While QQ[p,q,u] / (u^2 - p - q)[[z]] is still on strike with respect to simplification

age: R.<p,q,u> = QQ[]
sage: P.<z> = PowerSeriesRing(R)
sage: S = (1 - (2 * q / u * z).exp()) / (1 - (- 2 * p / u * z).exp())
sage: S[1]
(-28269553036454149273332760011886696253239742350009903329945699220681916416*p*q - 28269553036454149273332760011886696253239742350009903329945699220681916416*q^2)/(28269553036454149273332760011886696253239742350009903329945699220681916416*p*u)

Simple workaround

For the purpose of the computation given in the title one could simply use variables p, u and sets q = u^2 - p. However, this is not satisfactory as all the troubles mentioned in this issue are worth being fixed!

[videlec]

@mezzarobba You might have insight on how to make that works out of the box?

[miguelmarco]

you can get the simplification like this:

sage:  R.<p,q,u> = QQ[]
sage:  P.<z> = PowerSeriesRing(R)
sage:  S = (1 - (2 * q / u * z).exp()) / (1 - (- 2 * p / u * z).exp())
sage: S[0]
(-14134776518227074636666380005943348126619871175004951664972849610340958208*q)/(14134776518227074636666380005943348126619871175004951664972849610340958208*p)
sage: S[0].factor()
(-1) * p^-1 * q
sage: S[0].factor().prod()
(-q)/p

I guess the decision of not doing the simplification automatically was taken because of performance reasons (in this case, it is two order of magnitude slower than just computing the non-simplified expression).

[videlec]

you can get the simplification like this:

sage:  R.<p,q,u> = QQ[]
sage:  P.<z> = PowerSeriesRing(R)
sage:  S = (1 - (2 * q / u * z).exp()) / (1 - (- 2 * p / u * z).exp())
sage: S[0]
(-14134776518227074636666380005943348126619871175004951664972849610340958208*q)/(14134776518227074636666380005943348126619871175004951664972849610340958208*p)
sage: S[0].factor()
(-1) * p^-1 * q
sage: S[0].factor().prod()
(-q)/p

I guess the decision of not doing the simplification automatically was taken because of performance reasons (in this case, it is two order of magnitude slower than just computing the non-simplified expression).
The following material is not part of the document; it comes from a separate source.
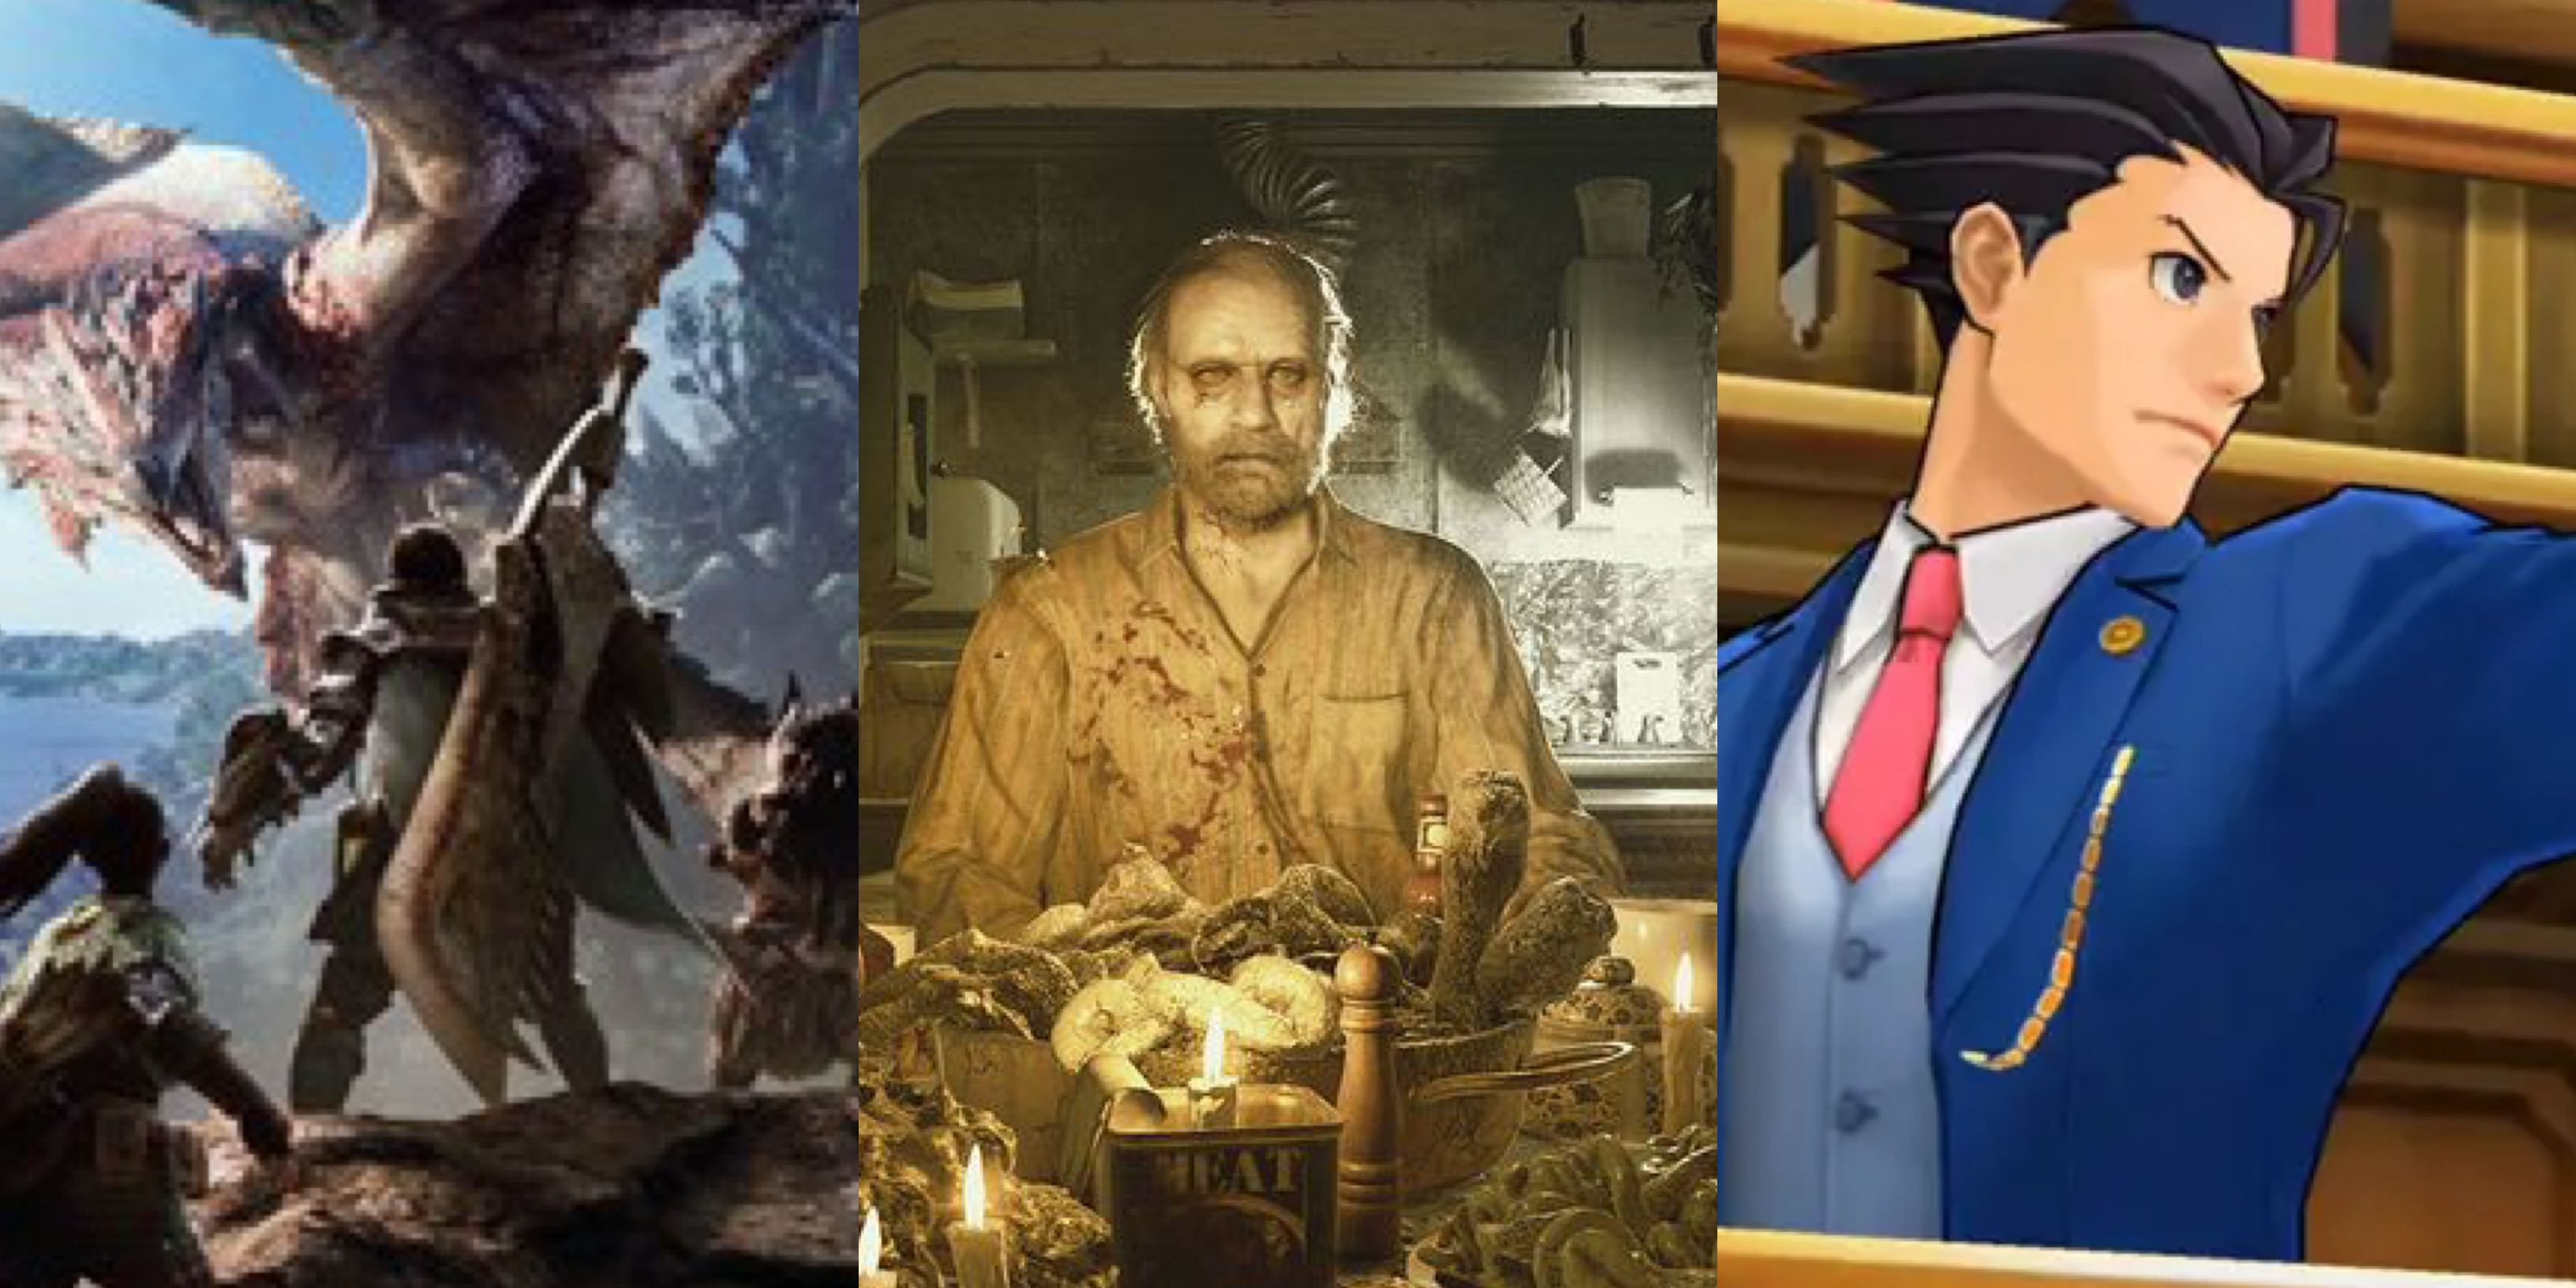 Philosophical Capcom Games: Monster Hunter: World (left), Resident Evil: Biohazard (middle), Phoenix Wright: Ace Attorney - Dual Destinies (right)

Your comment discusses one aspect of the question : the coefficients. And, concerning this aspect, I don't find it satisfactory. Here the coefficients of your version of S[n] grows extremly fast and makes the computation unfeasible at large n (let say n=100) by first making the series expansion.
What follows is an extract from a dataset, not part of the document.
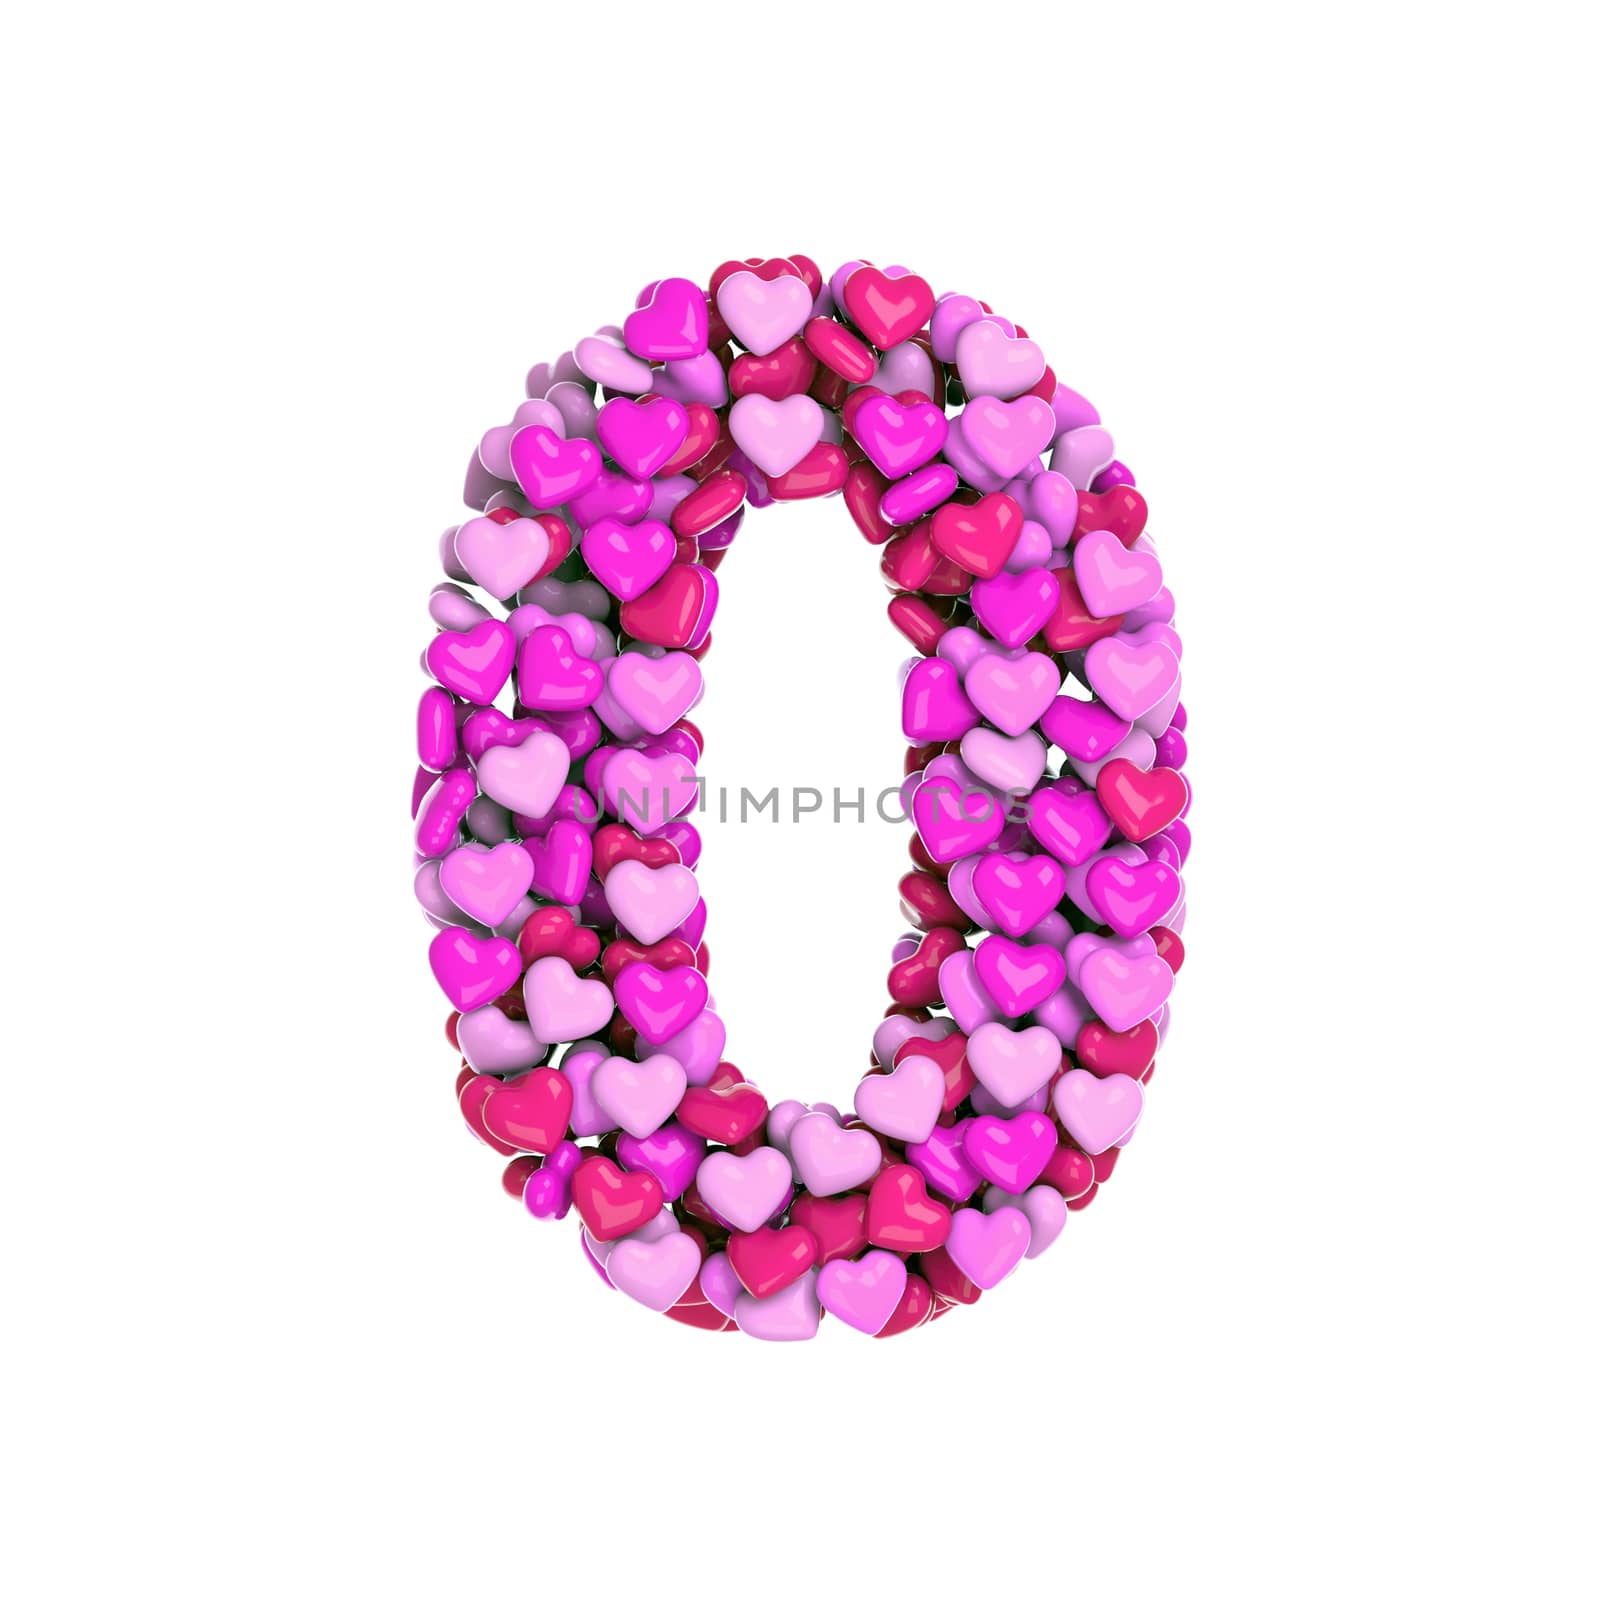 Valentine number 0 -  3d pink hearts digit - Love, passion or wedding concept by chrisroll

sage: list_plot([max([c.height().ndigits() for c in S[k].numerator().coefficients()]) for k in range(1,16)])

For example

sage: P.<z> = PowerSeriesRing(R, default_prec=40)
sage: %time S = (1 - (2 * q / u * z).exp()) / (1 - (- 2 * p / u * z).exp())
CPU times: user 9.61 s, sys: 44.6 ms, total: 9.66 s
Wall time: 9.66 s

But note also that the question contains another aspect : the simplifications not automatically happening when taking $u = \sqrt{p + q}$.

[mezzarobba]

@mezzarobba You might have insight on how to make that works out of the box?

Well, the Sage implementation of fraction fields is a bit of a mess.
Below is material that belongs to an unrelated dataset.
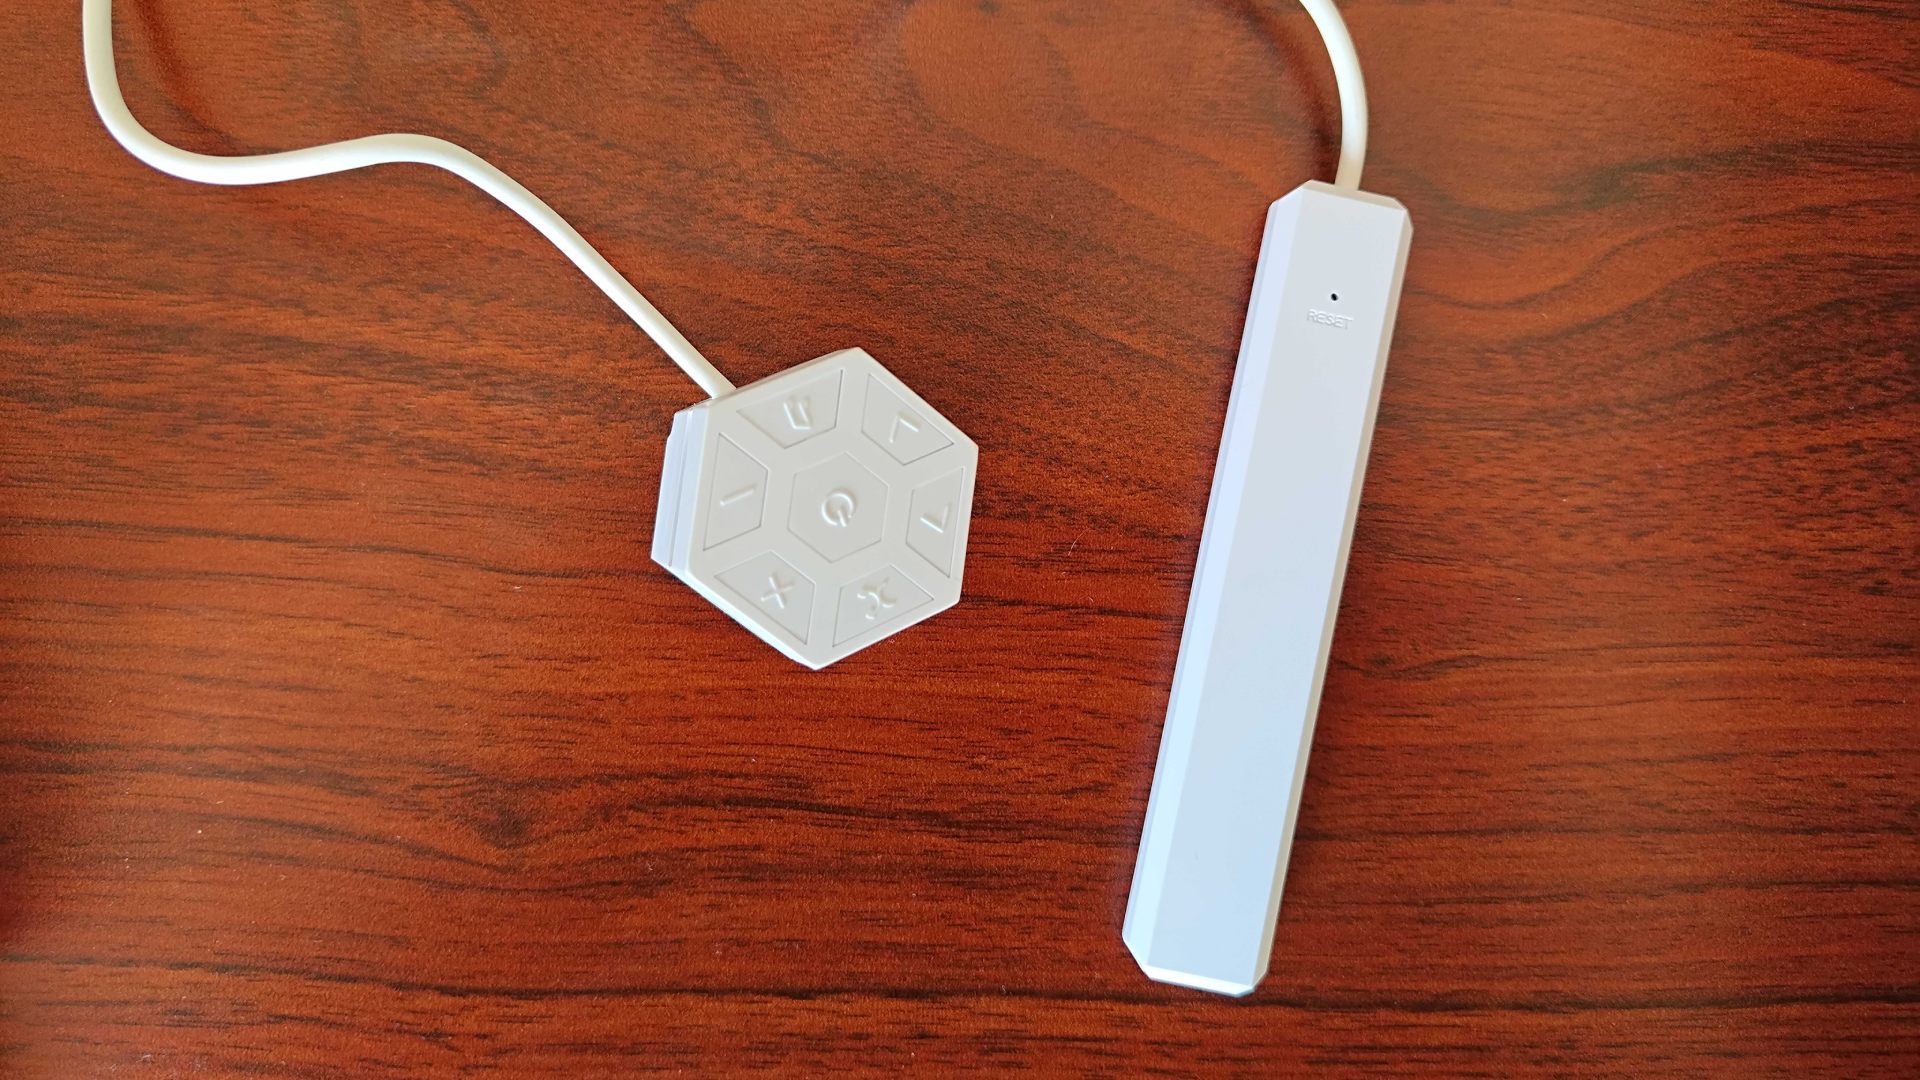 Nanoleaf Lines power button and receiver

What is happening here as far as I understand is that fractions of multivariate polynomials use a generic implementation of fraction fields, which calls the gcd method of the numerator/denominator to simplify fractions. That is why constant common factors are removed from fractions of polynomials over ZZ but not over QQ.

For fractions of univariate polynomials, we have a dedicated subclass that does a bit better. But even that dedicated class normalizes fractions in a slightly strange way: for instance

sage: P.<t> = QQ[]
sage: 1/(2*t)
1/2/t

where 1/(2*t) would probably be more reasonable in most cases.

We certainly need some kind of mechanism to reduce Frac(Frac(R)[x,y,...]) to Frac(R[x,y,...]), but I am not sure exactly how that should work. I also wonder if the current normalization for univariate polynomials over fields needs to remain available as an alternative option even for polynomials over fraction fields.

As a shorter term fix, it shouldn't be hard to to something similar to what we do in the univariate case (that is, force the leading coefficient of the denominator to one) but for multivariate polynomials. It would be useful in any case for working with multivariate polynomials over fields that are not fraction fields.

Finally, in the specific case of multivariate polyomials over ℚ, we could also interface FLINT's (formerly Calcium's) fmpz_mpoly_q.

Related tickets include #16268, #26339.